Building better walls - Albuquerque Journal

Building better walls

Home improvement projects spiked during the last year due to the pandemic.

Another direct result of the pandemic is the price of lumber and metal increased.

As the weather turns more pleasant, New Mexicans are heading outside and creating an oasis on their property.

One way to spruce it up is through fencing.

There are all types of fencing – ornamental, wood, coyote and latilla, chain link, PVC/vinyl and pipe – and each comes with a different cost. Each fence also offers a different level of privacy – a coyote fence provides more privacy compared to a chain link, which is less expensive but has no privacy.

ABQ Fence is one of the many places to turn to locally for these projects.

“The best thing you can do is do all the research you can on what kind of fencing you’d like,” says Vince Frenes, ABQ Fence manager. “Getting a new fence is like buying a car, but this will probably last longer. Your best bet is going to be iron fencing with wood.”

ABQ Fence does both residential and commercial properties around the city.

Frenes says the company uses a local fabrication shop to make the most polished look for its iron and metal work.

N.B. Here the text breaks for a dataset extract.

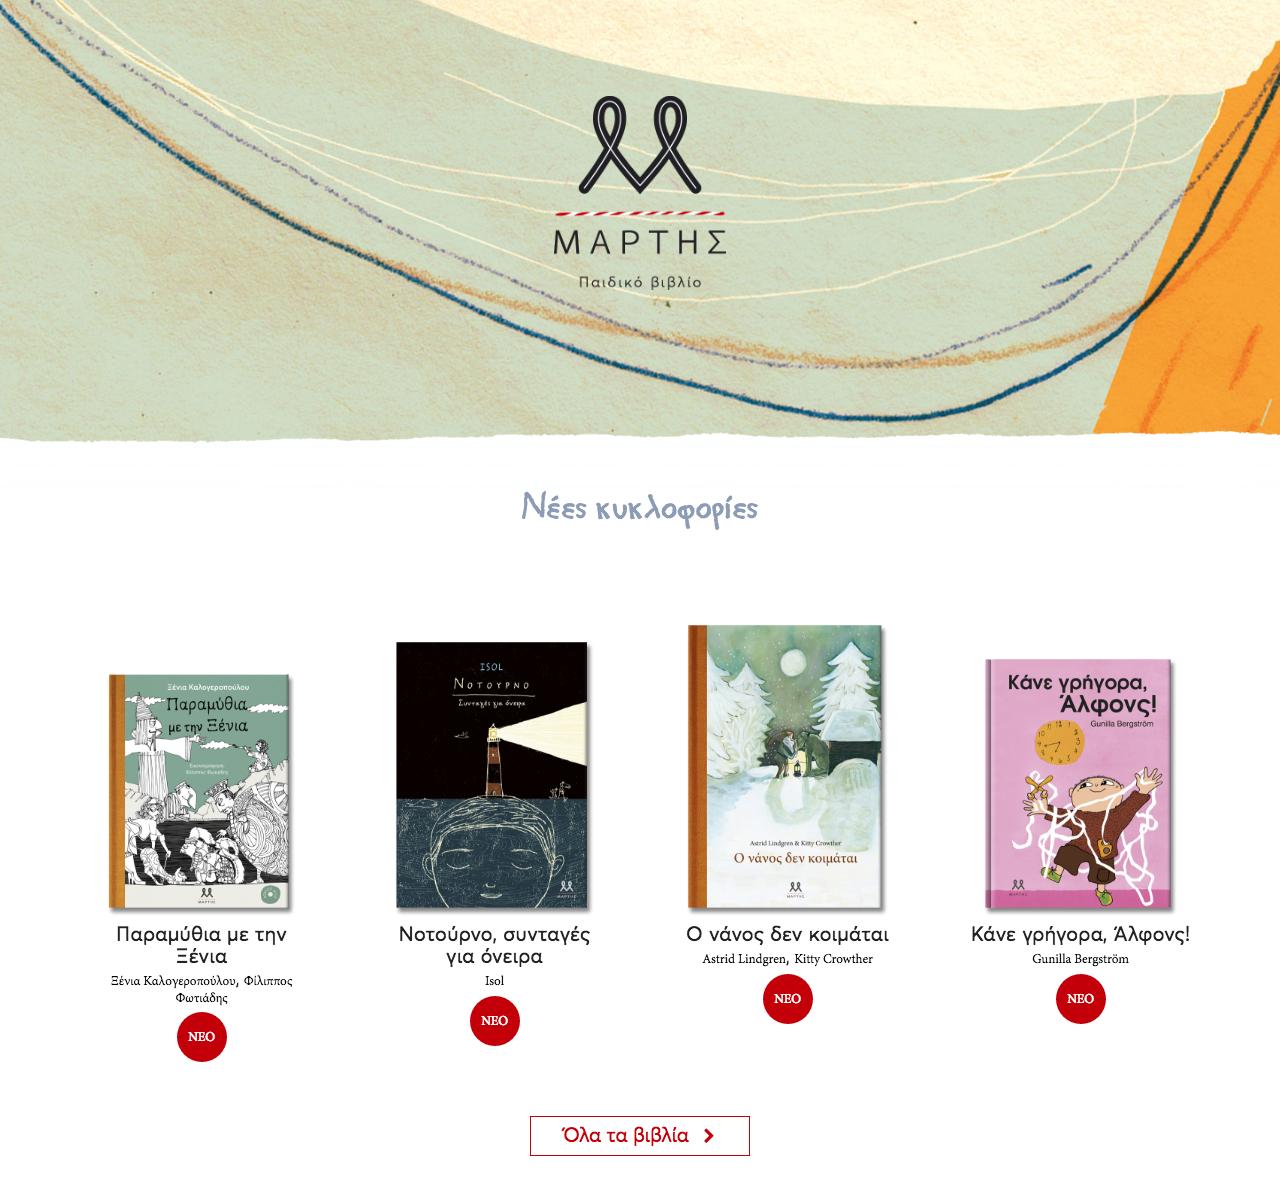 Martis Books

“These options are long-lasting investments,” Frenes says.

Maintenance-free

Tyler Chavez of Valley Fence Co. says wrought-iron fencing has been the standard for long-term durability. Though with today’s manufacturing techniques, it has opened the doors to aluminum fencing, which is a maintenance-free alternative.

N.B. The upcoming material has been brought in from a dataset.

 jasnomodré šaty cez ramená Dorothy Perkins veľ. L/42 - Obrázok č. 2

“Aluminum is a lightweight, strong and long-lasting material that may just be the right choice as you consider fencing and gate options,” Chavez says.

Aluminum fencing and gates come in a variety of styles and designs, ranging from old world to traditional and contemporary.

“Lightweight yet surprisingly strong, aluminum is considered as secure as wrought iron for both residential and commercial applications. Plus, it’s usually less expensive and is less costly to install,” Chavez says. “And when it comes to durability, aluminum fencing and gates are rust resistant and require minimal to no maintenance. Many aluminum fencing and gate manufacturers provide a lifetime guarantee, underscoring the long-term value of choosing aluminum over wrought iron.”

These two options come with a higher price tag, Frenes adds a wood fence is somewhat less expensive.

“There is horizontal fencing and it’s a higher end wood fence and it can be attached to brick walls,” Frenes says. “It’s really modern looking.”

Then there’s the dog-eared picket fence in 8-foot panels, which is vertical fencing.

“One thing to note is that the cost of material has hit the industry very hard,” Frenes says. “There’s been an increase on wood, iron and steel for chain link.”

Resell value

Making a decision on a fence doesn’t come easy and it will make a difference if contemplating selling a home.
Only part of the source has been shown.